Can only read once after flush

Opened this issue · 0 comments

`use std::io::{Read, Write};

fn main() {

// create an encoder
let mut enc = lz4::EncoderBuilder::new()
    .build(Vec::new()).unwrap();

// write 'a' 100 times to the encoder
let text: Vec<u8> = vec!['a' as u8; 100];
enc.write_all(&text[..]).unwrap();

// flush the encoder
enc.flush().unwrap();

// create a decoder wrapping the backing buffer
let mut dec = lz4::Decoder::new(&enc.writer()[..]).unwrap();

// read from the decoder, buf_size bytes at a time
let buf_size = 10;
let mut buf = vec![0; buf_size];

let expected_reads = 10;
let mut num_reads = 0;

while let Ok(n) = dec.read(&mut buf[..]) {
    if n == 0 {
        break;
    }
    num_reads += 1;
}

assert_eq!(num_reads, expected_reads);

}`

In this code, 100 bytes of data is encoded and then the std::io::Write::flush() function is used on the encoder. Then, a Decoder is created around the backing buffer to read the data. I expected the Decoder to read all 100 bytes and in this case, it would have made 10 read calls, each of which consumes 10 bytes. However, the observed behavior is that the Decoder returns exactly one successful read, and then never reads again. It doesn't matter the number of bytes read, buf_size could be set to 1 or 99, and then only 1 byte or 99 bytes would be read out, then nothing else would be read.

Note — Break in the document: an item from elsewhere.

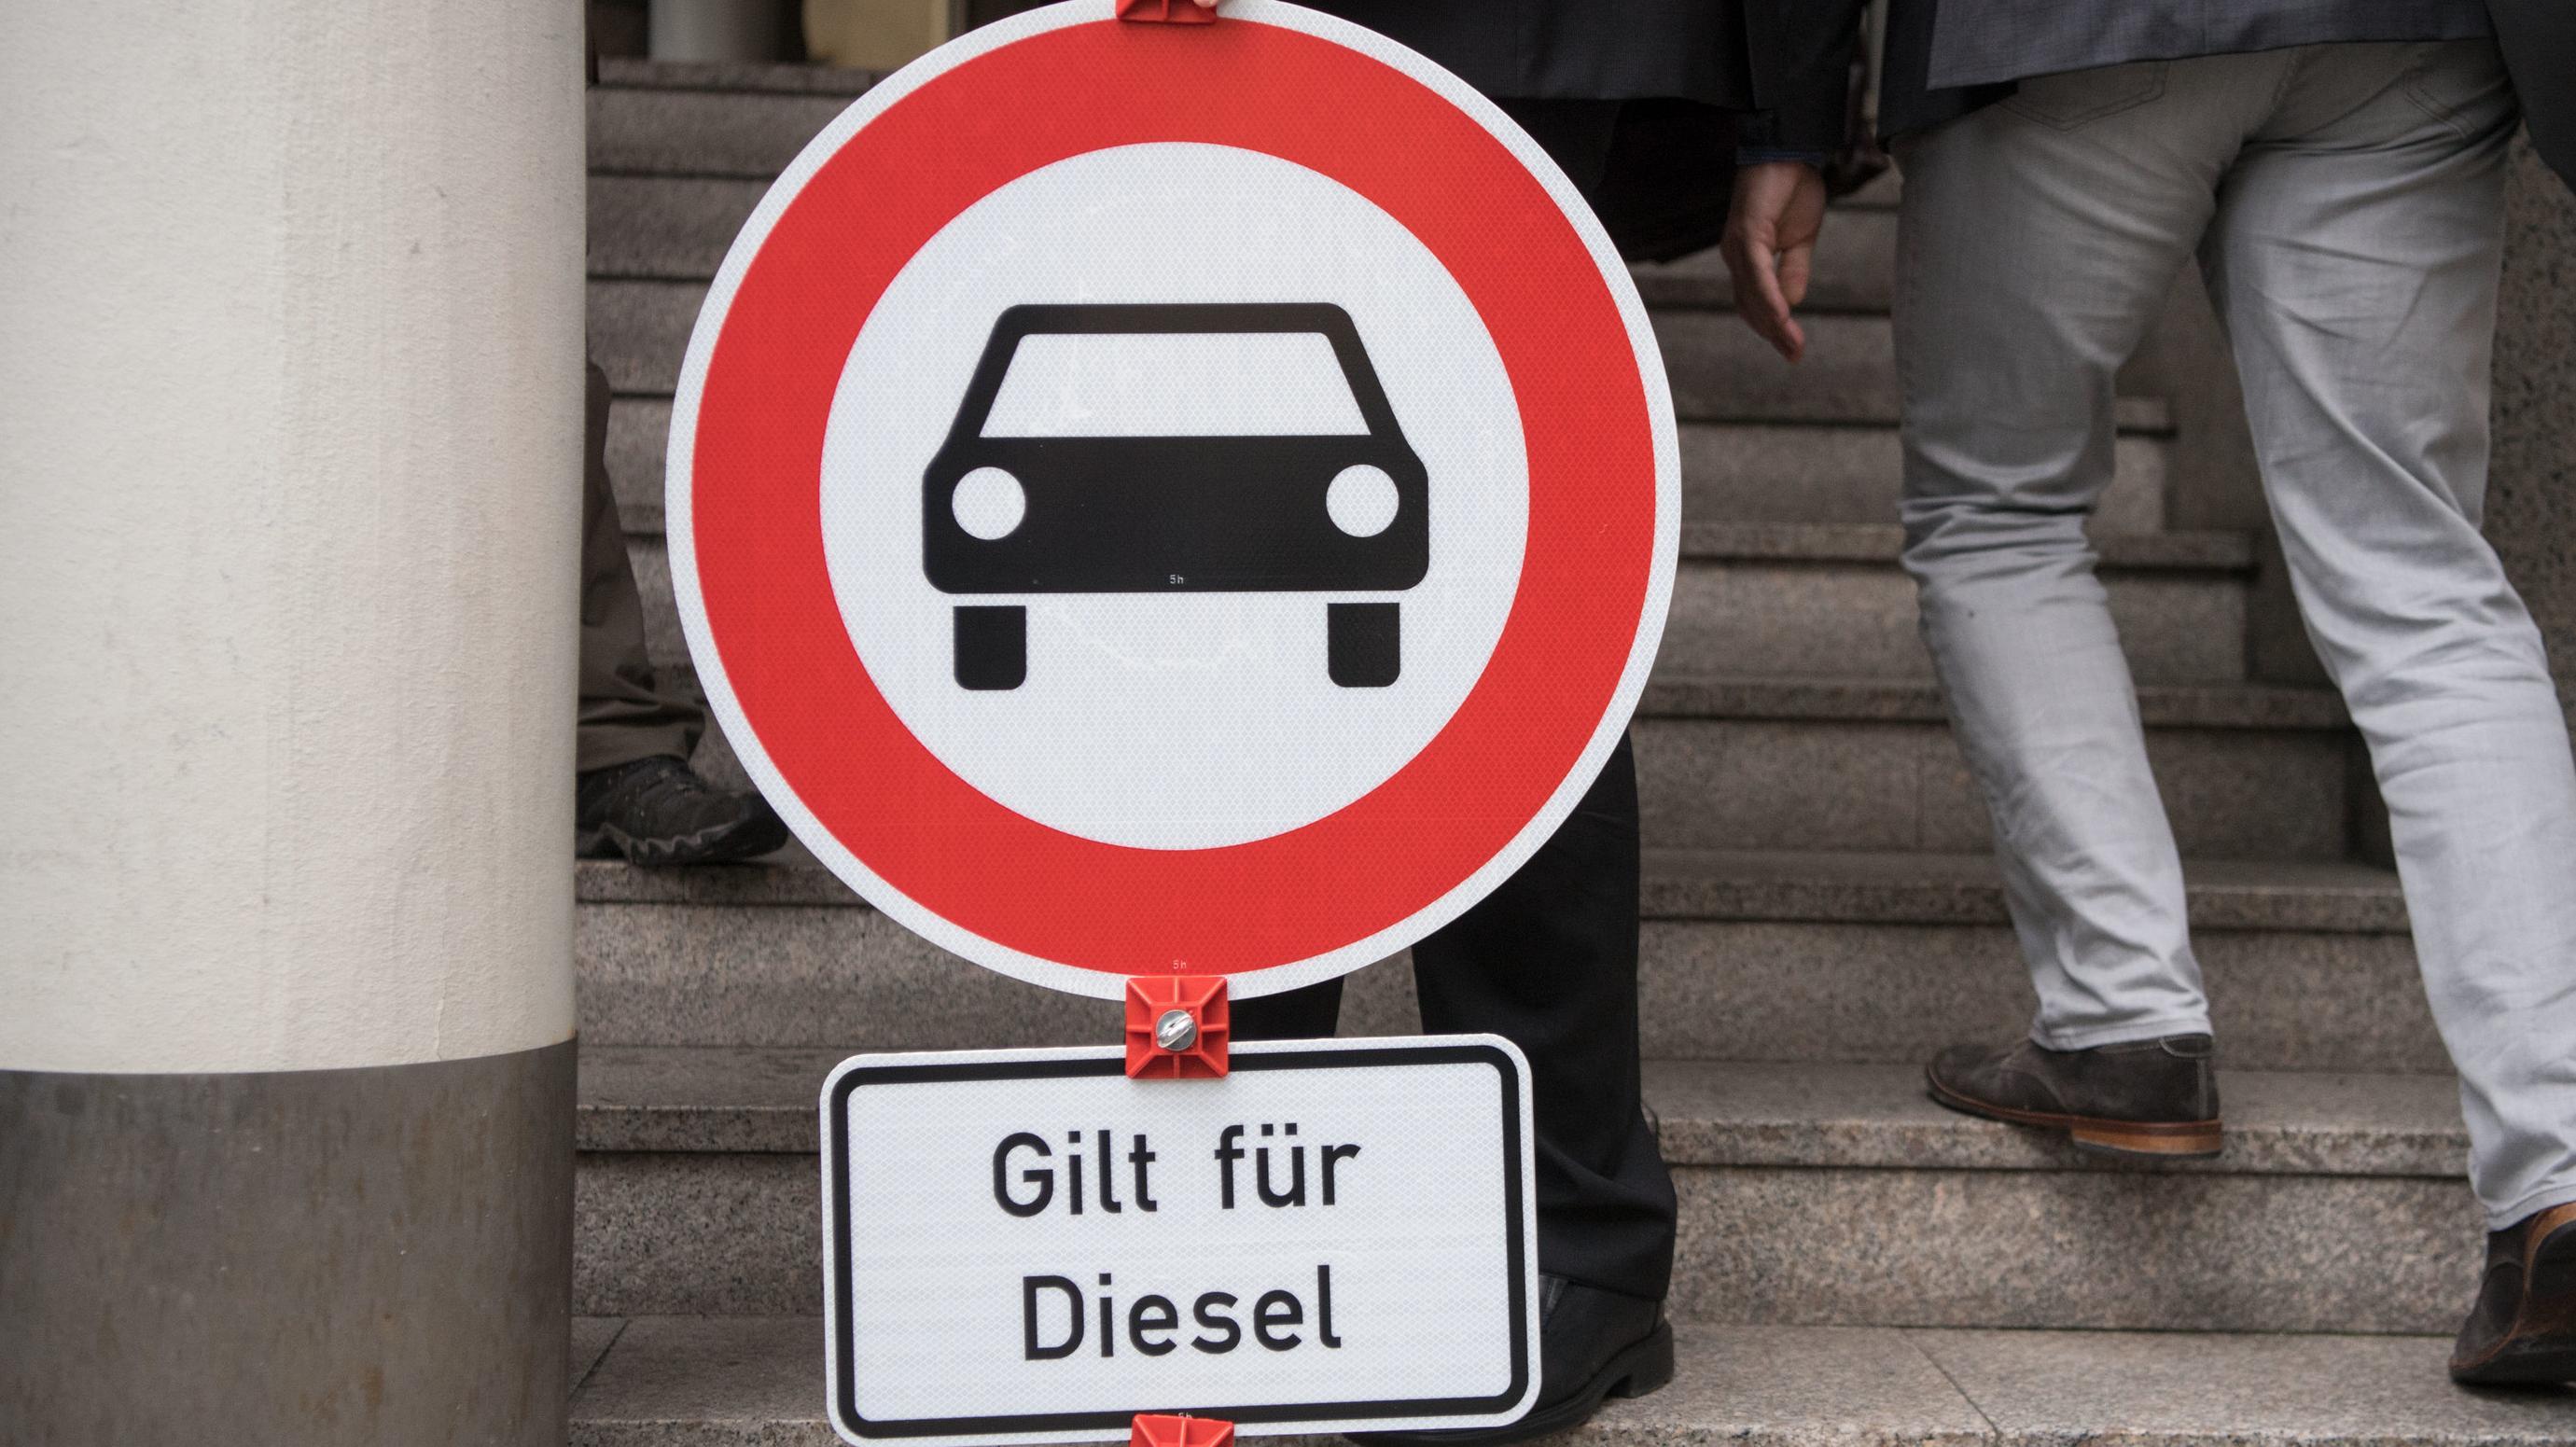 """Ein """"Durchfahrt verboten""""-Schild mit dem Zusatz """"Gilt für Diesel"""" steht vor der Urteilsverkündung in der Klage gegen einen Luftreinhalteplan vor dem Stuttgarter Verwaltungsgericht im Juli 2017."""
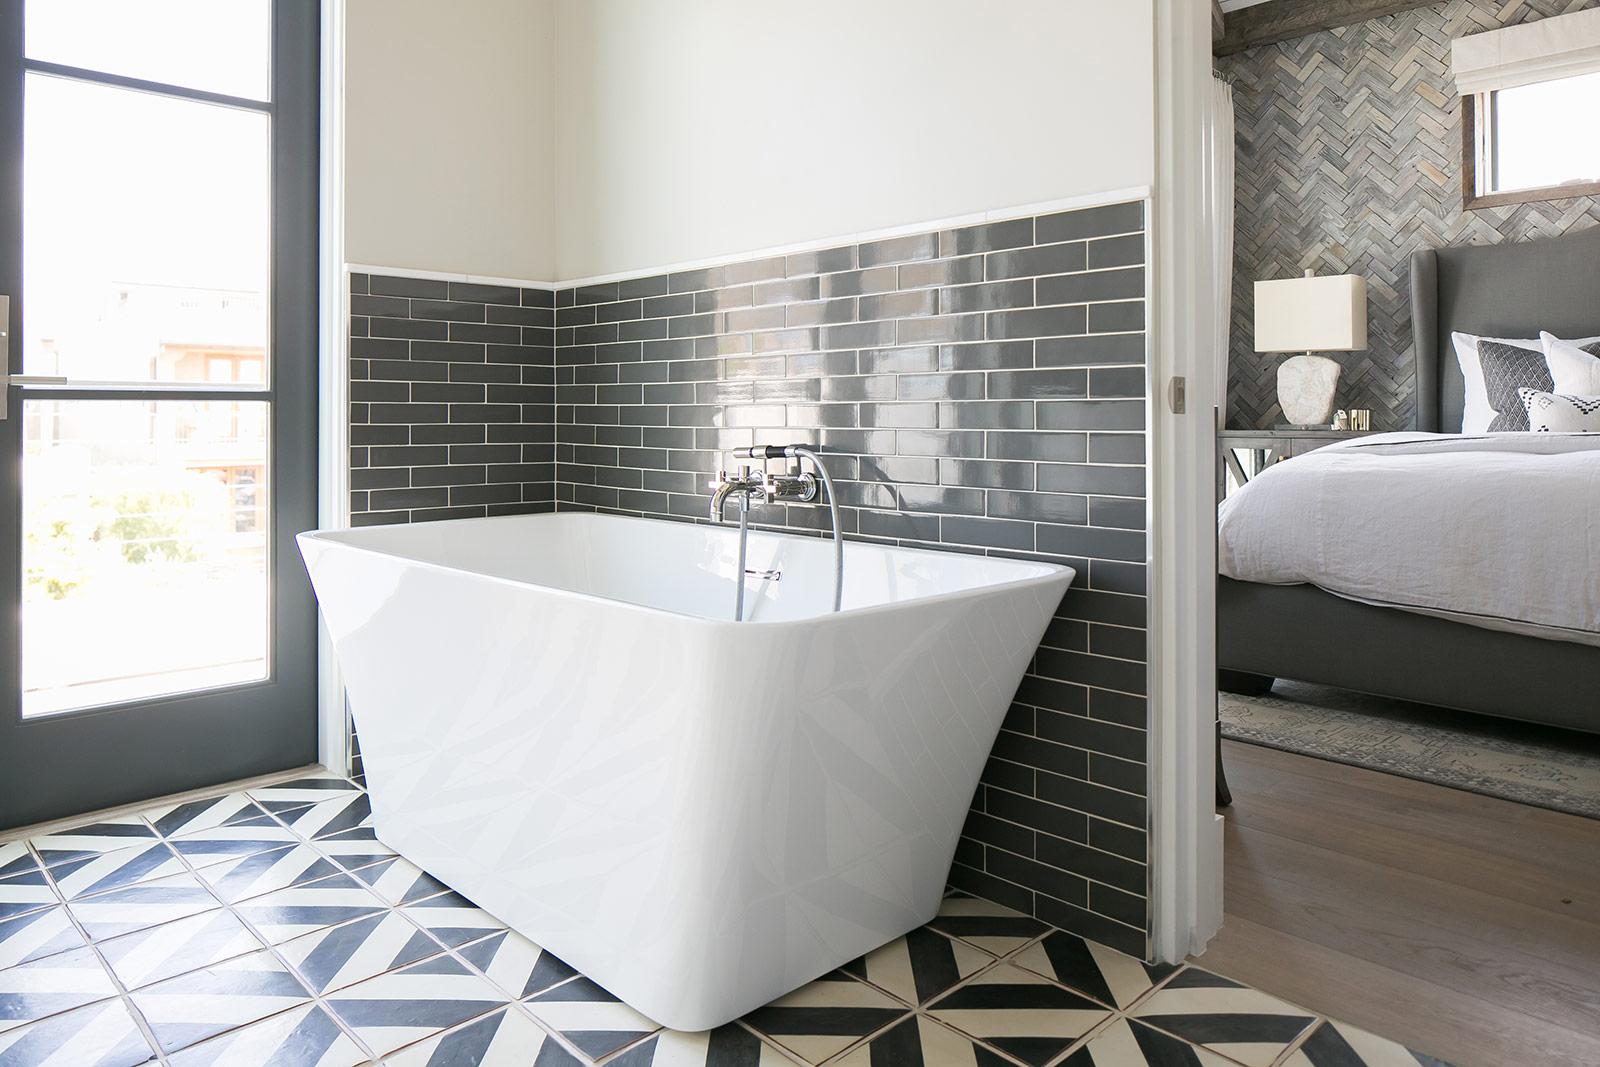 DIY: How To Install A Tile Bathroom Floor

This issue was reproduced on other types of IO, like TcpStreams.

I also noticed that if the total data encoded was small enough, roughly <30 bytes, then the Decoder would perform multiple reads, and this issue would not occur.

When swapping out your lz4 Decoder with a different rust lz4 decoder implementation, I was able to read out all the bytes, which leads me to believe there is an issue in the Decoder, not the Encoder.